C’è stata, allora, una riorganizzazione dei servizi, che ha reso più efficiente il sistema? Come visto sopra, no, nella maniera più assoluta. Le province sono state spinte verso il caos e, con loro, almeno per quel che riguarda la gestione del personale, tutti gli altri enti che hanno subito il blocco delle assunzioni.

Il quadro desolante è reso maggiormente tragicomico dalla circostanza che il Governo e il Parlamento, dopo aver ridotto la spesa delle province in modo insostenibile, hanno successivamente adottato in maniera estemporanea ed improvvisata, misure per rimediare, senza per altro coprire l’immenso ammanco. Così, si è consentito di approvare bilanci di previsione solo annuali, per non far vedere gli squilibri di bilancio nel triennio (operazione di cosmesi contabile che non si capisce come possa passare senza osservazioni della Corte dei conti); poi, è stata permessa la rinegoziazione dei mutui, del tutto inutile per le province virtuose che si erano autofinanziate; poi, ancora, sono state previste erogazioni di spiccioli per i lavori nelle scuole o la parzialissima copertura delle spese per assicurare ai disabili sensoriali l’assistenza allo studio. La più grottesca delle previsioni è stata la possibilità di cedere immobili provinciali all’Invimit: un’operazione che si concluderà tra mesi, ben oltre il 31.12.2016, termine ultimo per la conclusione della riforma, da cui deriverà, alla fine, un depauperamento gravissimo del patrimonio immobiliare pubblico, con difficoltà di rientro immense visto l’andamento del mercato immobiliare e, soprattutto, benefici sulla spesa delle province poco più che simbolici.

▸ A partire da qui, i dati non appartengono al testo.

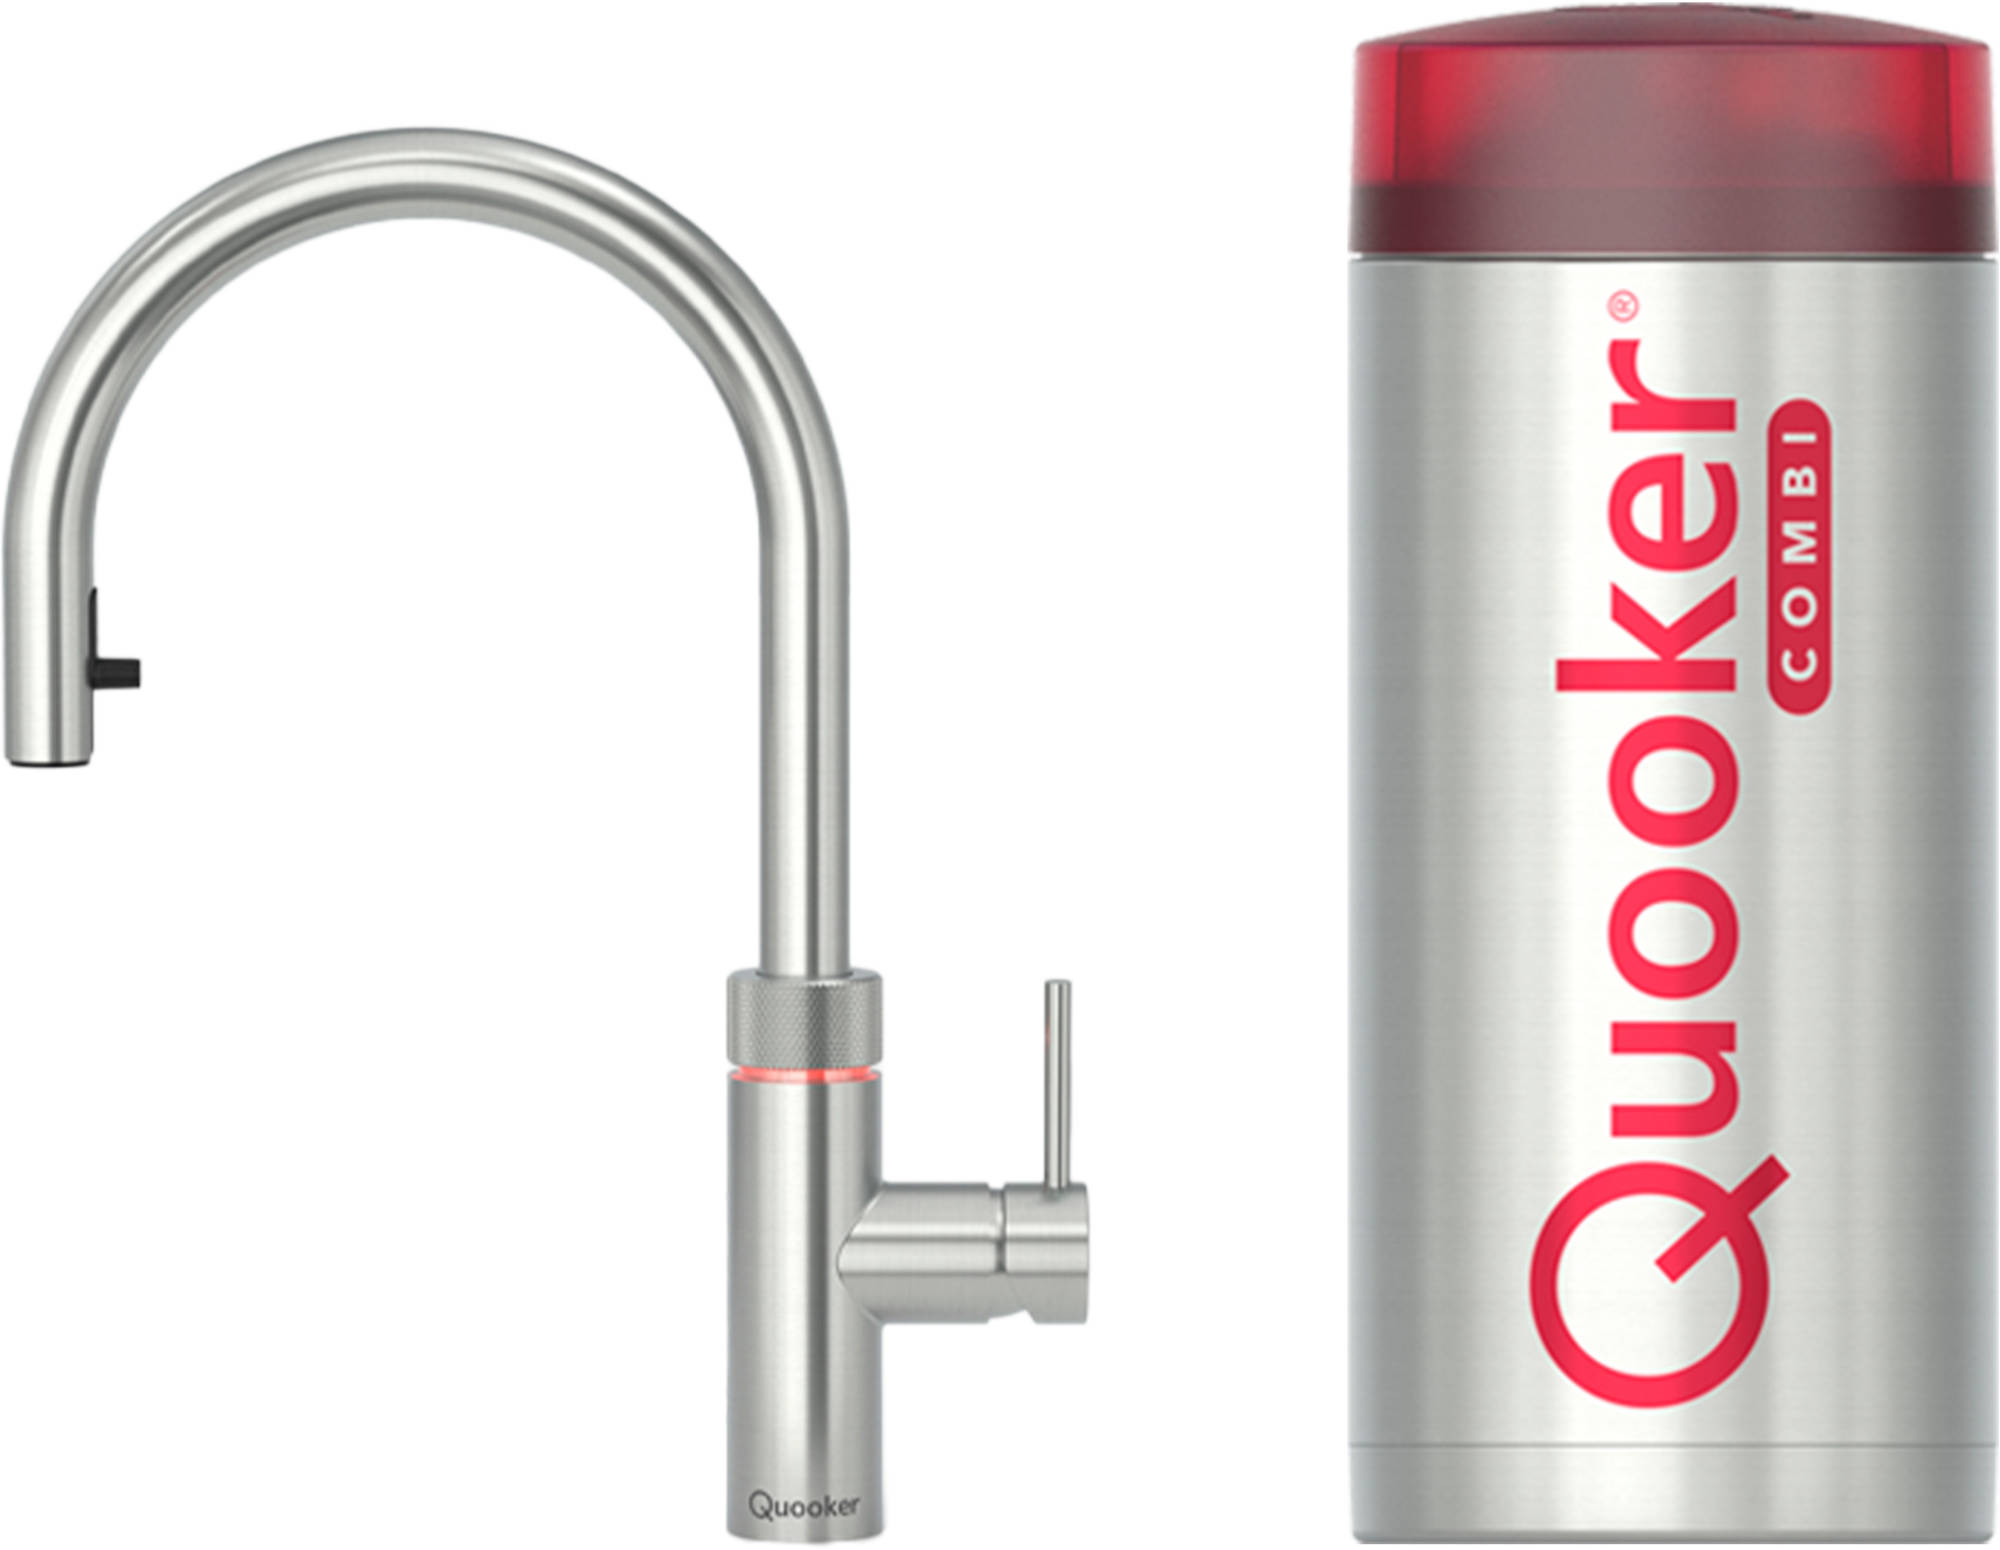 Quooker Flex met COMBI boiler 3-in-1 kokend water kraan - Saniweb.nl

La domanda, dunque, riguardante a cosa sia servita la riforma delle province riceve questa desolante risposta. E tutto questo, perché Governo e Parlamento, prima di imbarcarsi in una riforma frettolosa, improvvisata, dettata dagli slogan della stampa e del moralismo politico, mal concepita, scritta in modo dilettantesco, non si sono posti i quesiti che qualsiasi riformatore dovrebbe porsi: che obiettivi ho? Quali benefici intendo ottenere? In quali tempi? Con quale organizzazione? Insomma, “quo vado”?

 

 

1 commento:

  1. Questa è l'Italia di oggi. L'Ente più utile poiché sul territorio viene dipinto come il vero problema...eppure non rappresentava nemmeno l'1% sul bilancio...soldi poi spesi per servizi e non per ingrassare la casta. Le migliaia di edifici scolastici superiori...gli oltre 100.000 chilometri di strade provinciali di cui migliaia di strade che rappresentano l'unica porta di accesso a innumerevoli centri abitati sperduti in ogni angolo d'Italia...gli efficienti corpi di polizia provinciale che da soli accertavano 1/3 di tutti i reati ambientali scoperti nell'entroterra italiano (meno di 2700 poliziotti - gli altri tutti insieme sono centinaia di migliaia) per non parlare della Gestione di servizi che sono ritornati alla regione che è un ente centrale lontano dai territori...cosa si è risolto? NULLA. Con l'aggravante che si è creato tanto caos e disservizi nella gente, nei poveri dipendenti vincitori di pubblico concorso e allontanando i servizi dal territorio. Nemmeno il dilettante più scarso avrebbe partorito questo pasticcio. Le province esistono dai tempi in cui la repubblica non era nemmeno nei più lontani sogni di qualche nostalgico del tempo...3.000 anni? Mi accontento dei 150 anni più recenti. BISOGNAVA TOGLIERE QUALCHE PROVINCIA PICCOLA COME DEL RESTO ACCORPARE REGIONI E PICCOLI COMUNI E NON RIFORMARE NEGATIVAMENTE SULLA PELLE DEI DIPENDENTI E DEI CITTADINI L'ENTE MIGLIORE...Ancora oggi mi chiedo il senso delle città metropolitane...davvero che Paese strano questo...per non parlare di chi governa senza essere eletto.